Voor de economische politierechter te Leeuwarden diende op 20 oktober 2005 de zaak tegen een Friese eierzoeker, die ondanks het verbod, kievitseieren had gezocht en geraapt. In artikel 12 van de Flora- en faunawet is -onder meer- het zoeken en rapen van kievitseieren verboden. Artikel 60 van voornoemde wet geeft echter aan dat Gedeputeerde Staten een ontheffing kan geven. Op 17 december 2002 gaf Gedeputeerde Staten een ontheffing, waartegen bezwaar werd ingesteld. Bij beslissing van de bestuursrechter te Leeuwarden op 16 maart 2005 werd de verleende ontheffing geschorst, ingaande 18 maart 2005. Tegen de beslissing van de bestuursrechter werd beroep ingesteld en een uitspraak dient nog te volgen.

Hoewel verdachte wist van het verbod, nam hij op 27 maart 2005 toch kievitseieren mee en kreeg daarvoor een transactievoorstel. Verdachte hield ter zitting een emotioneel pleidooi over de eeuwenoude traditie van het 'aaisykjen'. Ook vestigde hij de aandacht op de nazorg die heel erg belangrijk is voor de vogelstand. Op de vraag van de economische politierechter waarom verdachte toch de gang naar de rechtbank maakte, terwijl hij wist dat hij in overtreding was, verklaarde verdachte dat het niet alleen om het kievitsei ging maar om de nazorg in het algemeen.
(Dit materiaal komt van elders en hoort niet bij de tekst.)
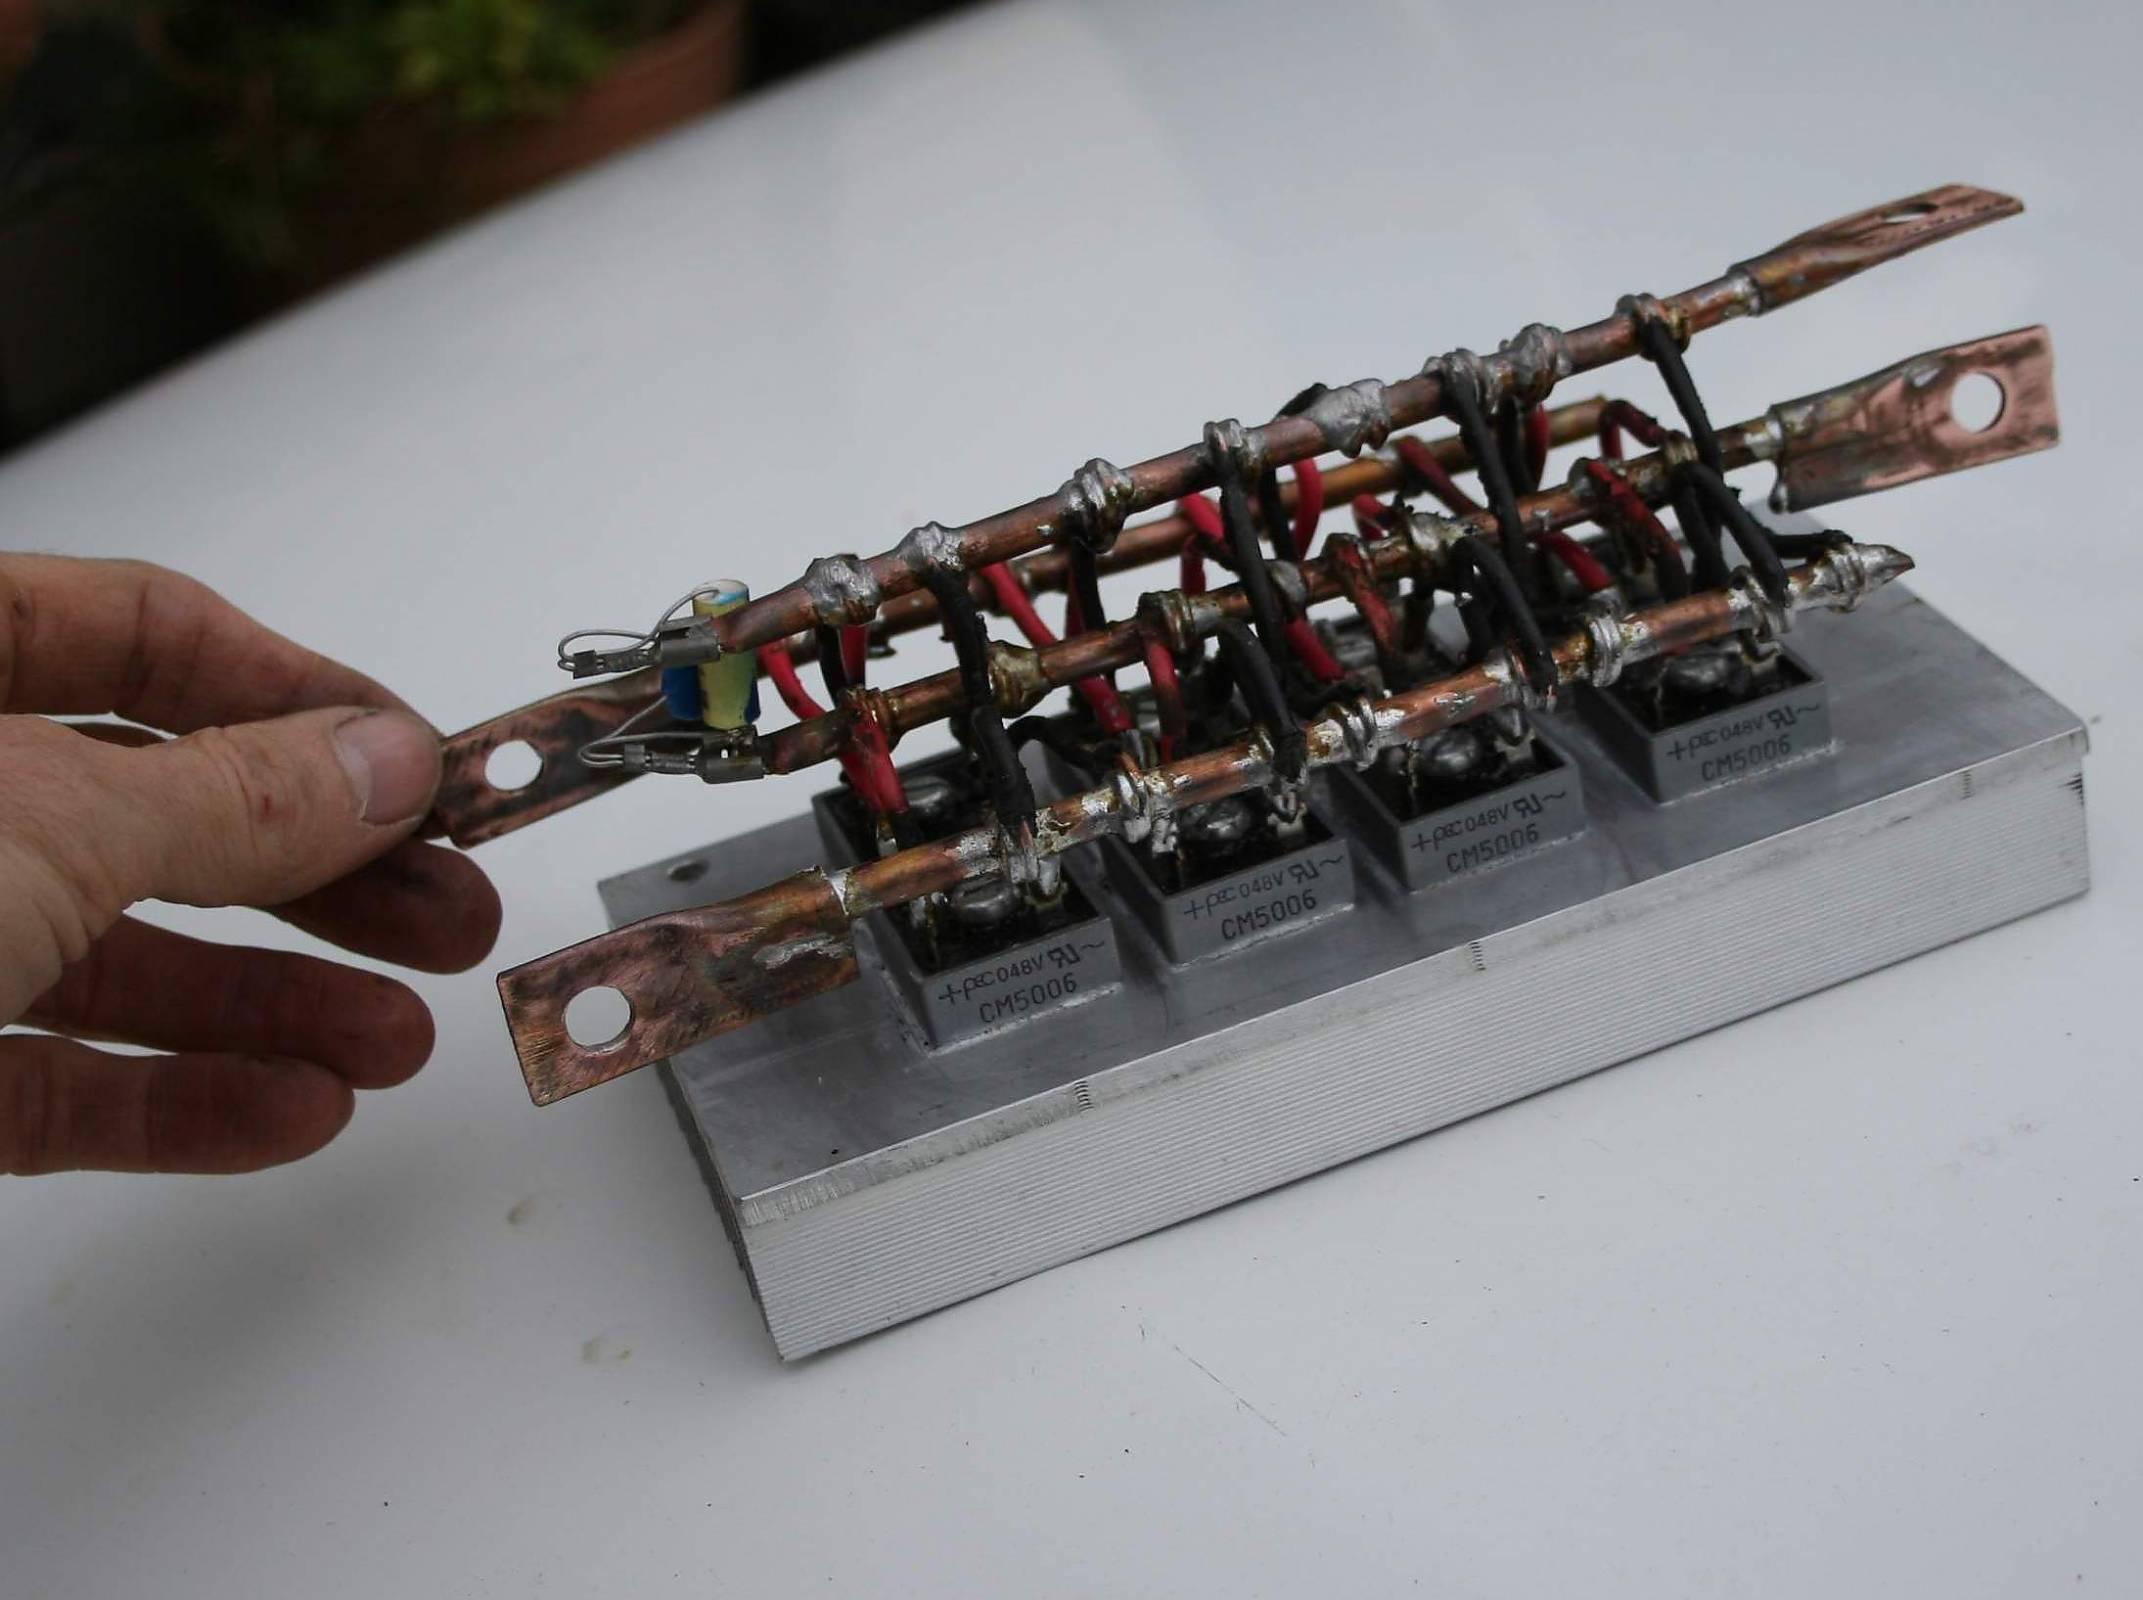 Inverter Welding Machine Circuit Power Diagram Moreover Tig Welder
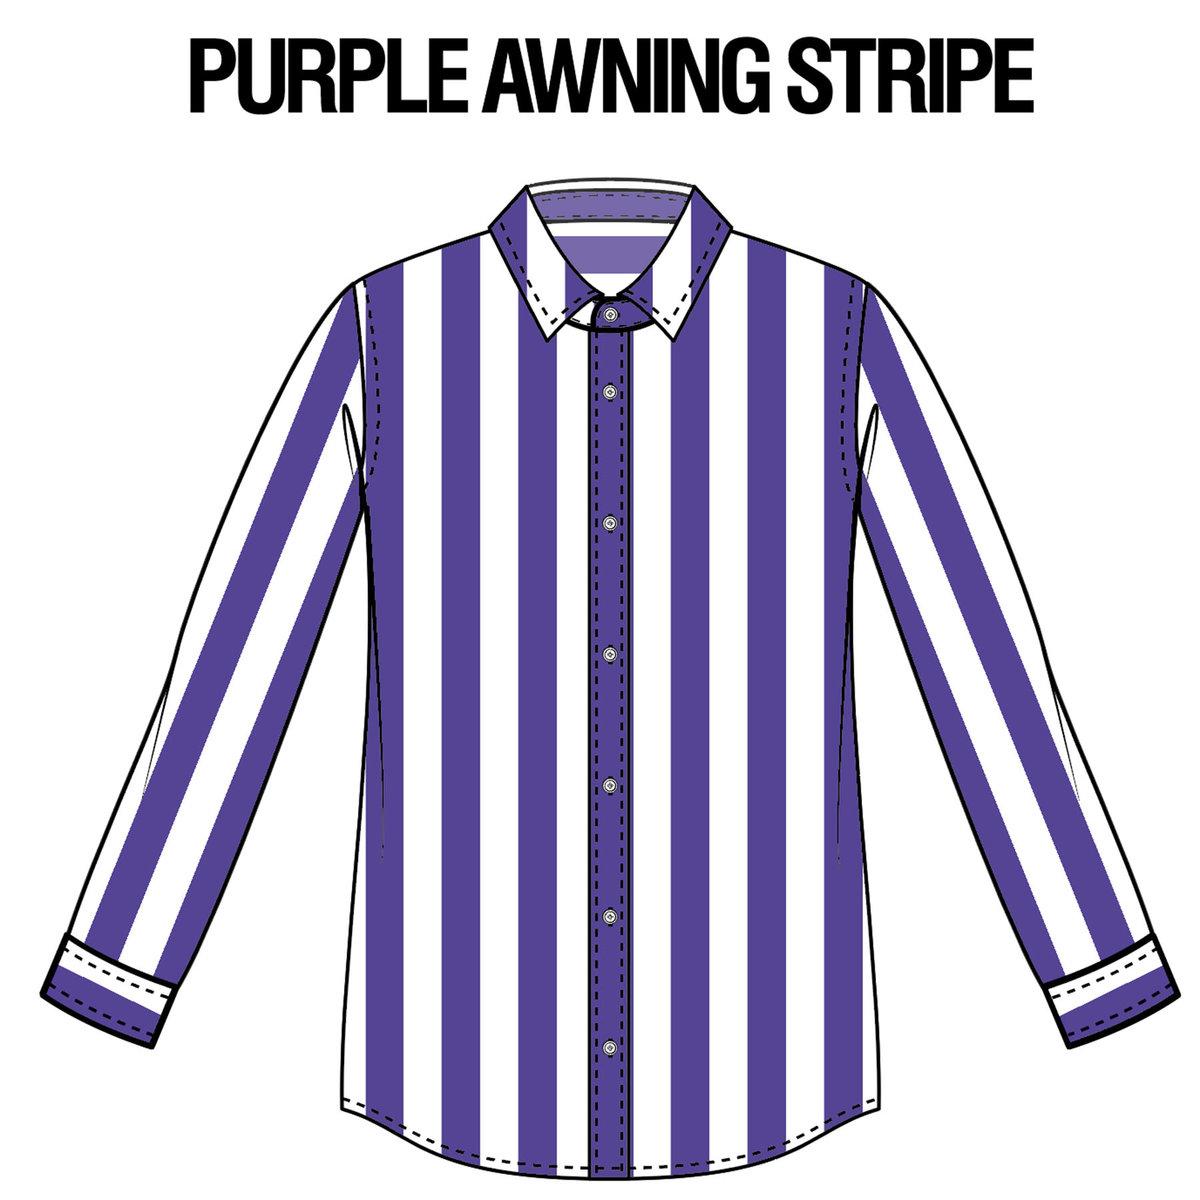 Purple Awning Stripe.jpg

De officier van justitie achtte het telastegelegde feit bewezen en vorderde een geldboete van ⬠110,-- subsidiair 2 dagen vervangende hechtenis. De officier van justitie gaf daarbij aan dat de pers begin dit jaar voldoende aandacht had besteed met betrekking tot de mogelijkheden en de onmogelijkheden ten aanzien van het eierzoeken.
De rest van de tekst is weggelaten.